[Rd] Documentation examples for lm and glm
Fox, John
jfox @ending from mcm@@ter@c@
Mon Dec 17 16:23:07 CET 2018
Dear Heinz,
----------------------------------------------
> On Dec 17, 2018, at 10:19 AM, Heinz Tuechler <tuechler using gmx.at> wrote:
>
> Dear All,
>
> do you think that use of a data argument is best practice in the example below?
No, but it is *normally* or *usually* the best option, in my opinion.
Best,
John
>
> regards,
>
> Heinz
>
> ### trivial example
> plotwithline <- function(x, y) {
> plot(x, y)
> abline(lm(y~x)) ## data argument?
> }
>
> set.seed(25)
> df0 <- data.frame(x=rnorm(20), y=rnorm(20))
>
> plotwithline(df0[['x']], df0[['y']])
>
>
>
> Fox, John wrote/hat geschrieben on/am 17.12.2018 15:21:
>> Dear Martin,
>>
>> I think that everyone agrees that it’s generally preferable to use the data argument to lm() and I have nothing significant to add to the substance of the discussion, but I think that it’s a mistake not to add to the current examples, for the following reasons:
>>
>> (1) Relegating examples using the data argument to “see also” doesn’t suggest that using the argument is a best practice.
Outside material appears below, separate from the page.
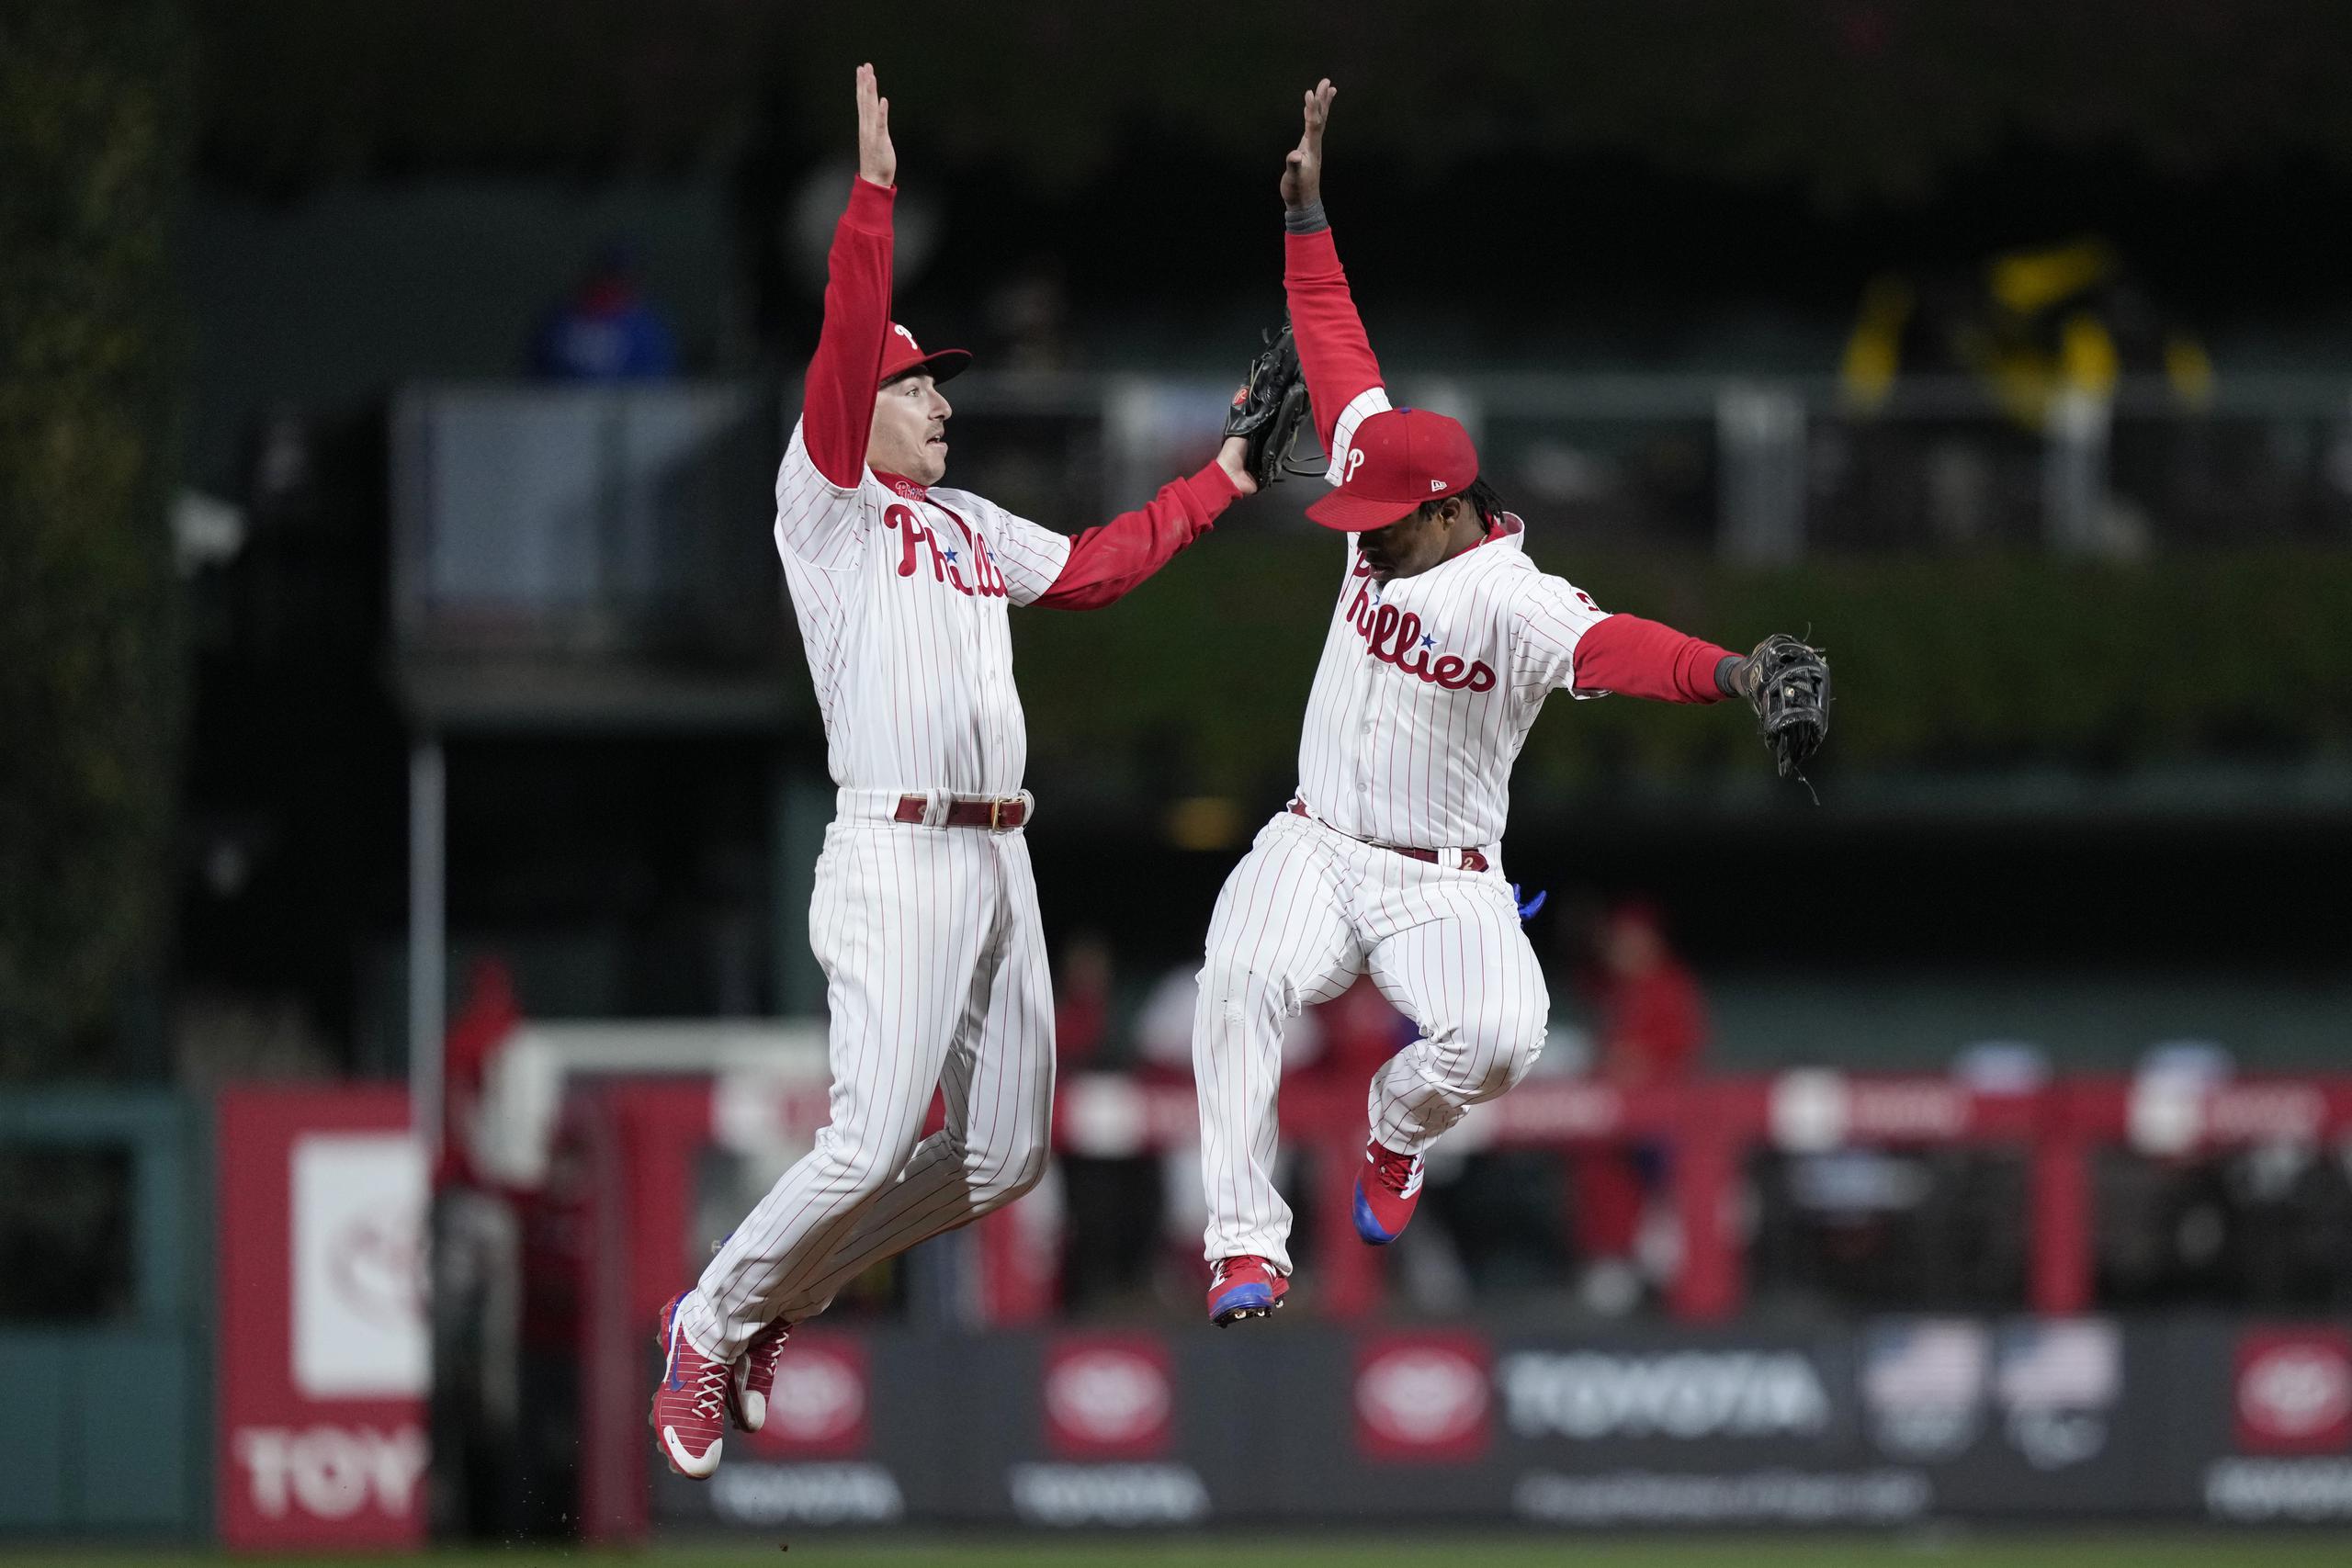 Bryson Stott y el dominicano Jean Segura, izquierda y derecha, respectivamente, saltan para festejar la victoria de los Phillies de Filadelfia el sábado sobre los Padres de San Diego en el cuarto juego de la Serie de Campeonato de la Liga Nacional.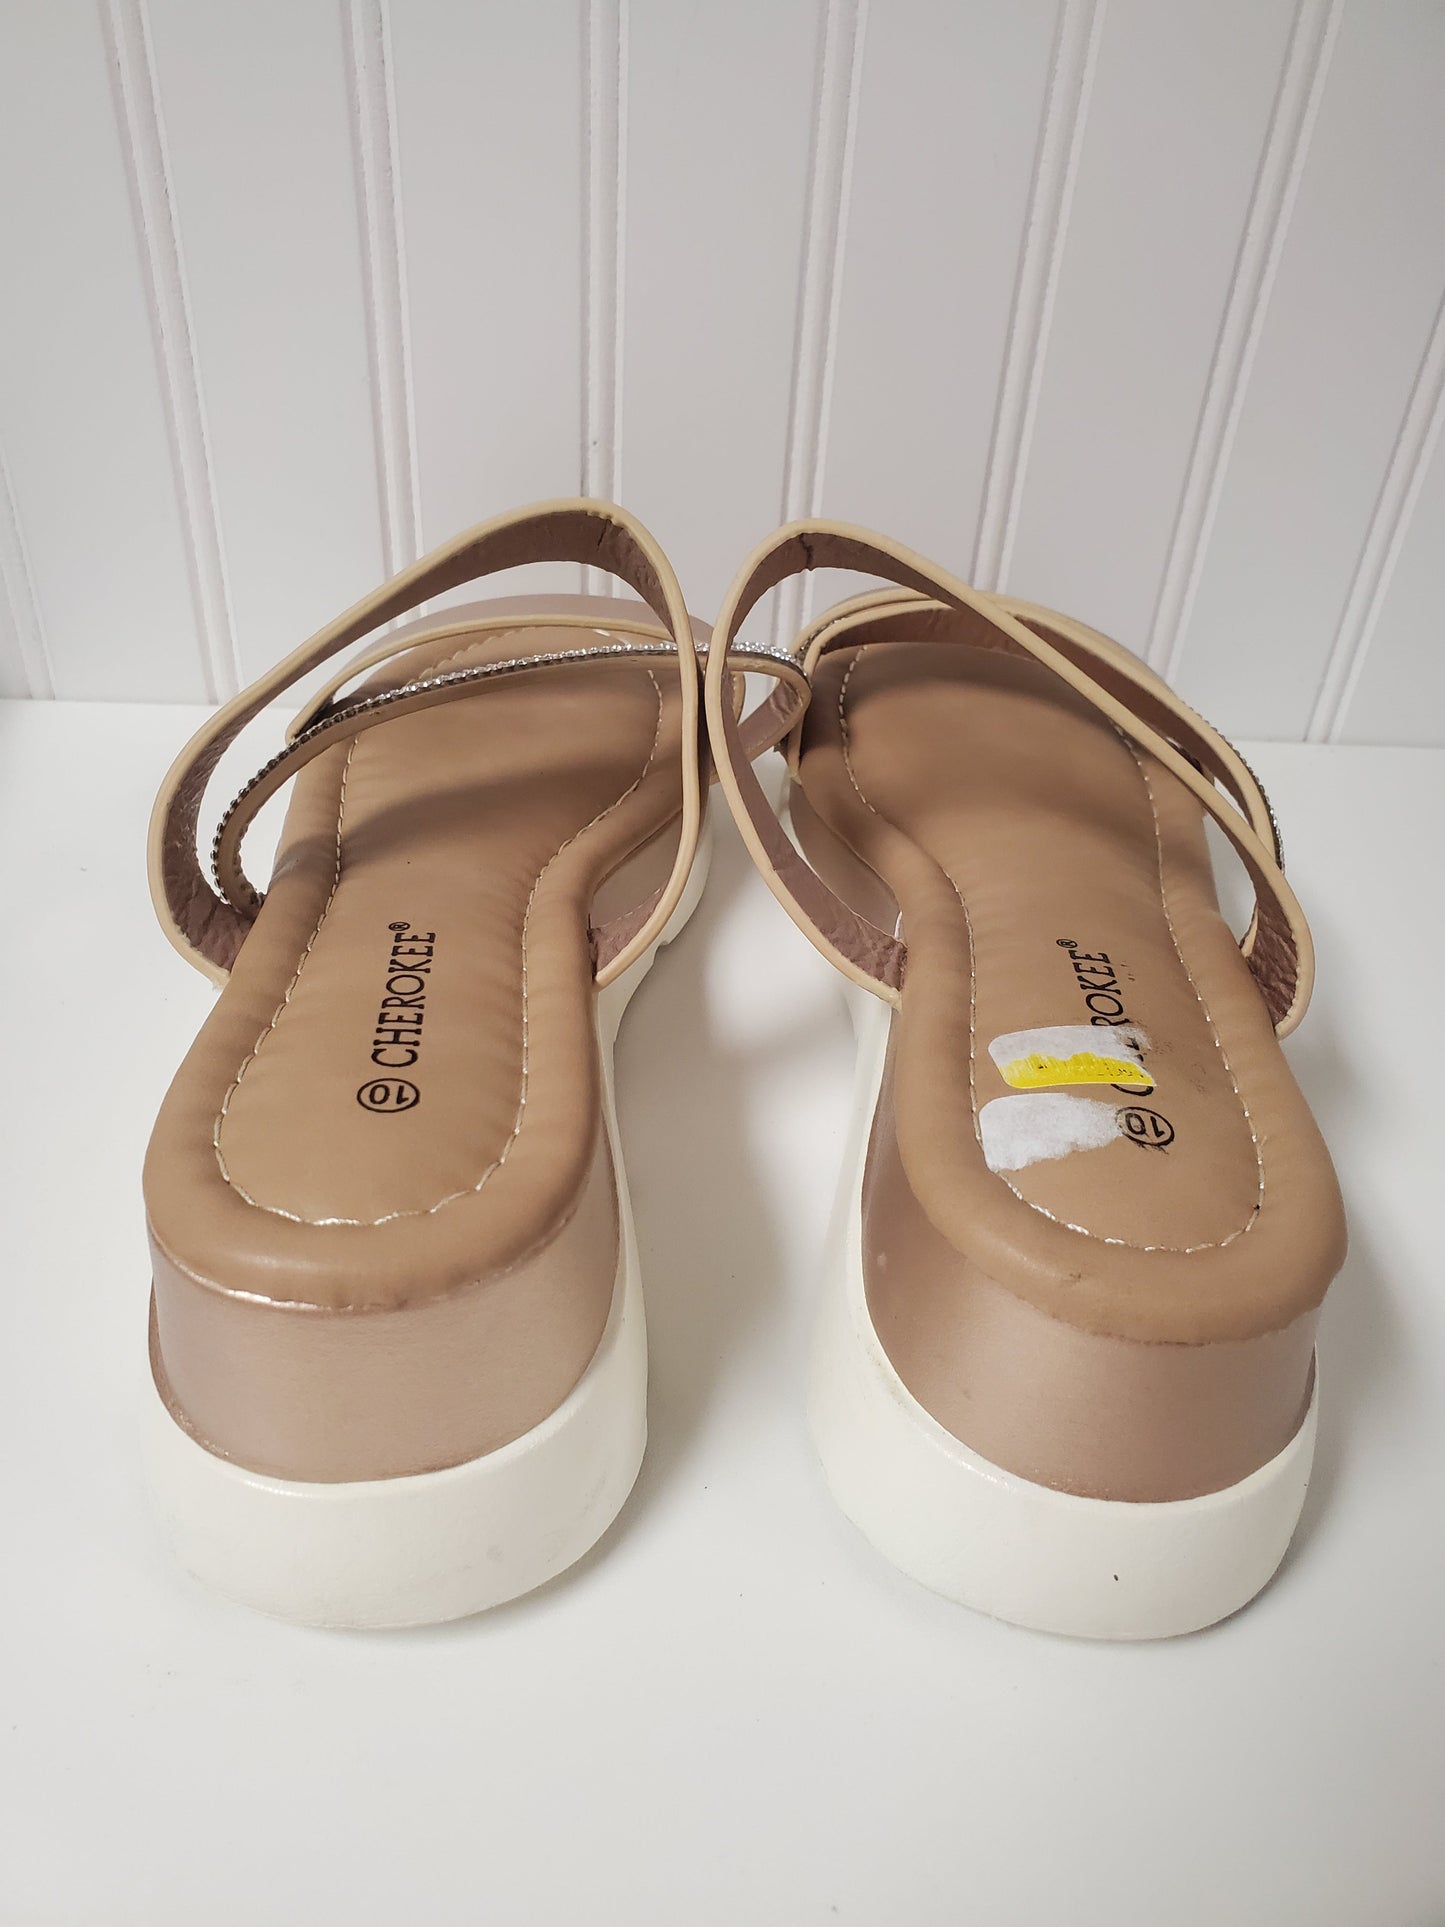 Tan Sandals Heels Platform Cherokee, Size 10

Most users won’t bother to click the links.
>>
>> (2) In my opinion, an new initial example using the data argument would more clearly suggest that this is the normally the best option.
>>
>> (3) I think that it would also be desirable to add a remark to the explanation of the data argument, something like, “Although the argument is optional, it's generally preferable to specify it explicitly.” And similarly on the help page for glm().
>>
>> My two (or three) cents.
>>
>> John
>>
>> -------------------------------------------------
>> John Fox, Professor Emeritus
>> McMaster University
>> Hamilton, Ontario, Canada
>> Web: http::/socserv.mcmaster.ca/jfox
>>
>>> On Dec 17, 2018, at 3:05 AM, Martin Maechler <maechler using stat.math.ethz.ch> wrote:
>>>
>>>>>>>> David Hugh-Jones
>>>>>>>> on Sat, 15 Dec 2018 08:47:28 +0100 writes:
>>>
>>>> I would argue examples should encourage good
>>>> practice. Beginners ought to learn to keep data in data
>>>> frames and not to overuse attach().
>>>
>>> Note there's no attach() there in any of these examples!
>>>
>>>> otherwise at their own risk, but they have less need of
>>>> explicit examples.
>>>
>>> The glm examples are nice in sofar they show both uses.
>>>
>>> I agree the lm() example(s) are "didactically misleading" by
>>> not using data frames at all.
>>>
>>> I disagree that only data frame examples should be shown.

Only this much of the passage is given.